The code in this repository uses [Osmosis](https://wiki.openstreetmap.org/wiki/Osmosis) to search for OSM nodes where `tourism=museum` (without a lat/long bounding box). It would be trivial to adapt `query.sh` to use different search criteria to meet your needs. See [here](https://wiki.openstreetmap.org/wiki/Osmosis/Detailed_Usage_0.45) for more info. I've written code that parses the resulting [`data/all-museums.osm`](data/all-museums.osm) query into a CSV that includes only a subset of desirable fields. I've found the country/city data provided by OSM to be quite sparse, so I've ignored OSM's city and country fields and chosen to instead include results from a reverse geolookup by lat/long using the [reverse-geocode](https://bitbucket.org/richardpenman/reverse_geocode) python package.
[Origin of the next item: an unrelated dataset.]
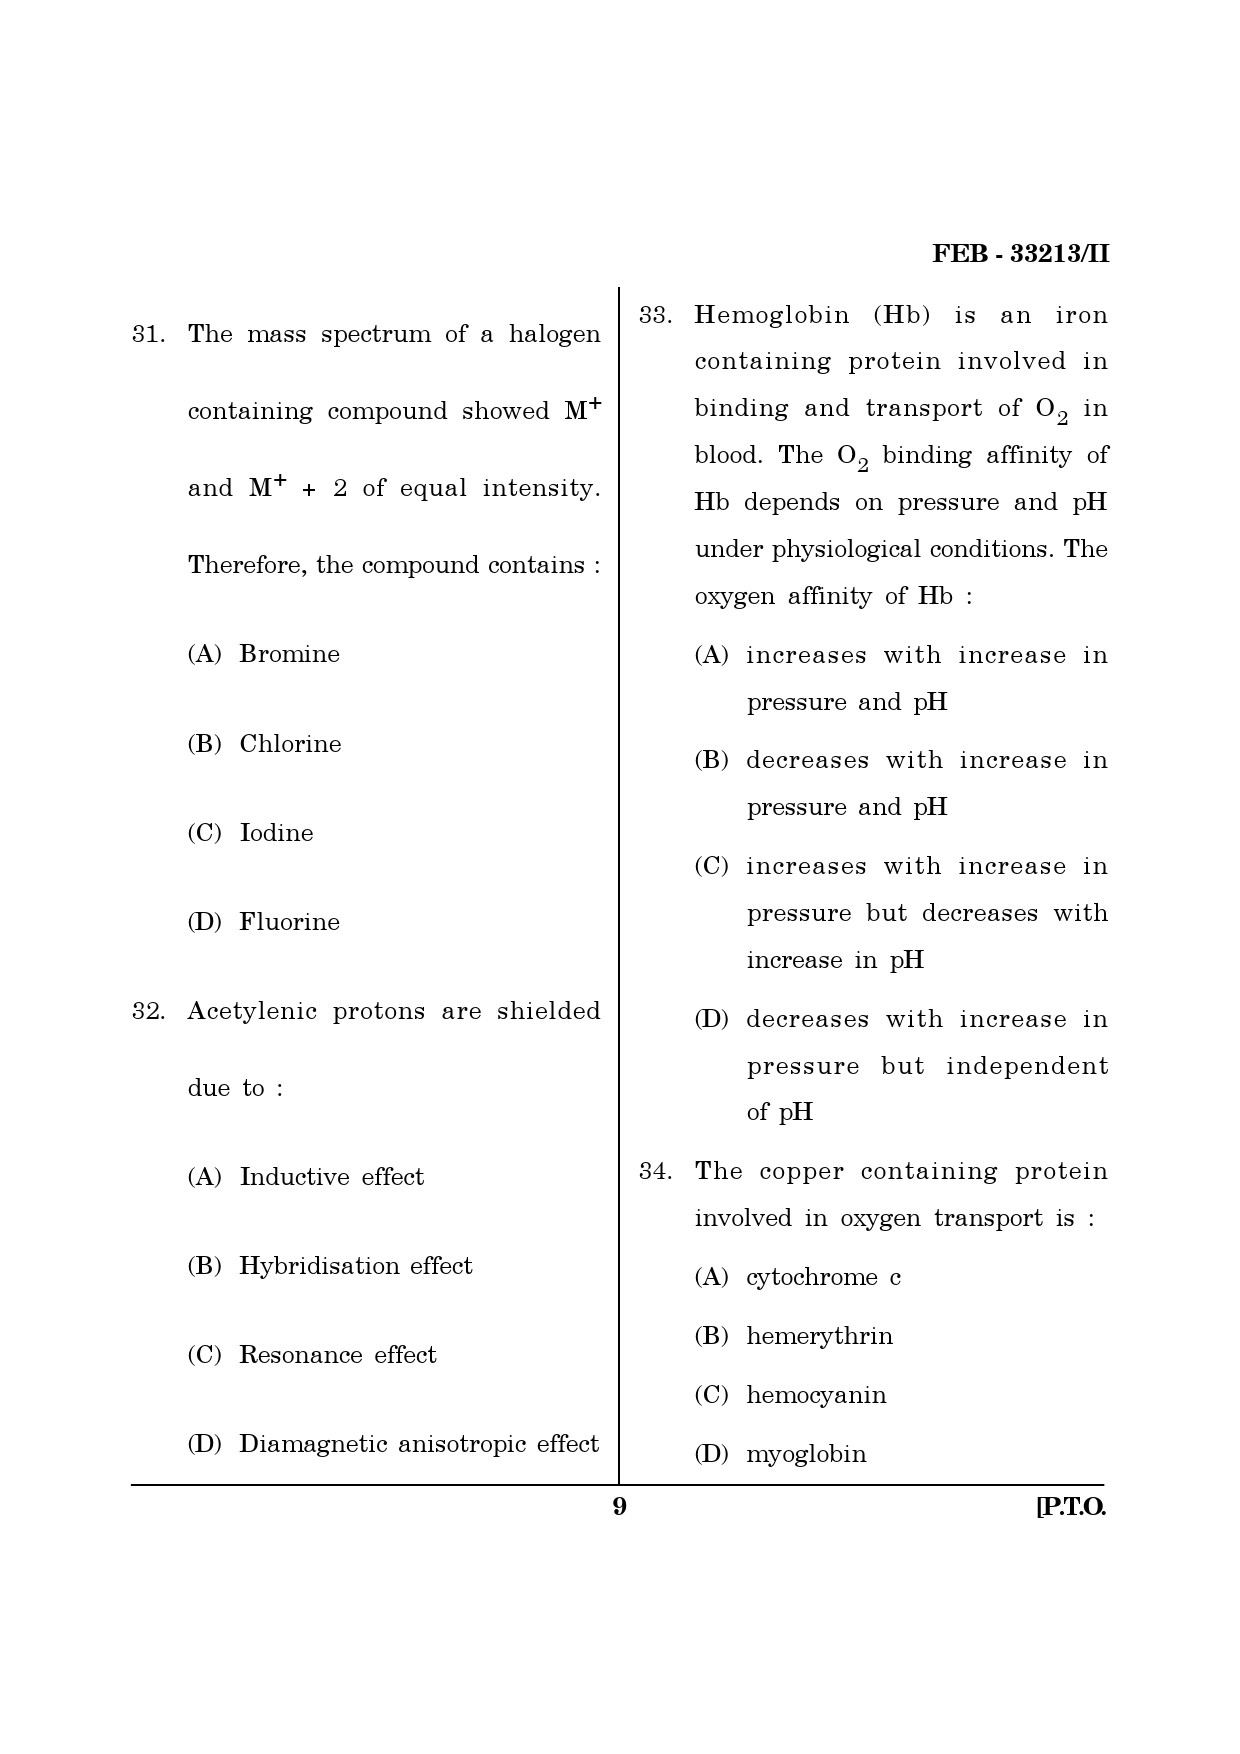 Maharashtra SET Chemical Sciences Question Paper II February 2013 9

If you wish to repeat this process, or run similar queries or convert OSM XML to CSV, see below.
## Download
Open Street Maps planet data is ~54GB compressed, and ~751GB once uncompressed. [Full planet files](https://wiki.openstreetmap.org/wiki/Planet.osm) are made available weekly.
```bash
# clone this repo
git clone https://github.com/brannondorsey/osm-museums
# navigate to the data folder
cd osm-museums/data
# download the planet osm file
wget https://ftp5.gwdg.de/pub/misc/openstreetmap/planet.openstreetmap.org/planet/2017/planet-170102.osm.bz2
# you will likely need to install pbzip2 before running this command
# uncompress using 2GB of RAM (the max)
pbzip2 -d -m2000 planet-170102.osm.bz2
```
Osmosis can operate on `.bz2` compressed OSM files, however this is not encouraged and unless disk space is a limited resource should be avoided.
## Query
The official OSM query tool is a Java application called [Osmosis](https://wiki.openstreetmap.org/wiki/Osmosis). You must [download and install](https://wiki.openstreetmap.org/wiki/Osmosis#How_to_install) it for your platform. Next we search for all museums in the world and output the results to an XML file called `all-museums.osm` inside `data/`.
```bash
osmosis \
--read-xml data/planet-170102.osm \
--tf accept-nodes tourism=museum \
--tf reject-ways \
--tf reject-relations \
--write-xml data/all-museums.osm
```
The above command is also the contents of `query.sh`. So you can instead run `./query.sh` for convenience. See here for [full Osmosis usage documentation](https://wiki.openstreetmap.org/wiki/Osmosis/Detailed_Usage_0.45).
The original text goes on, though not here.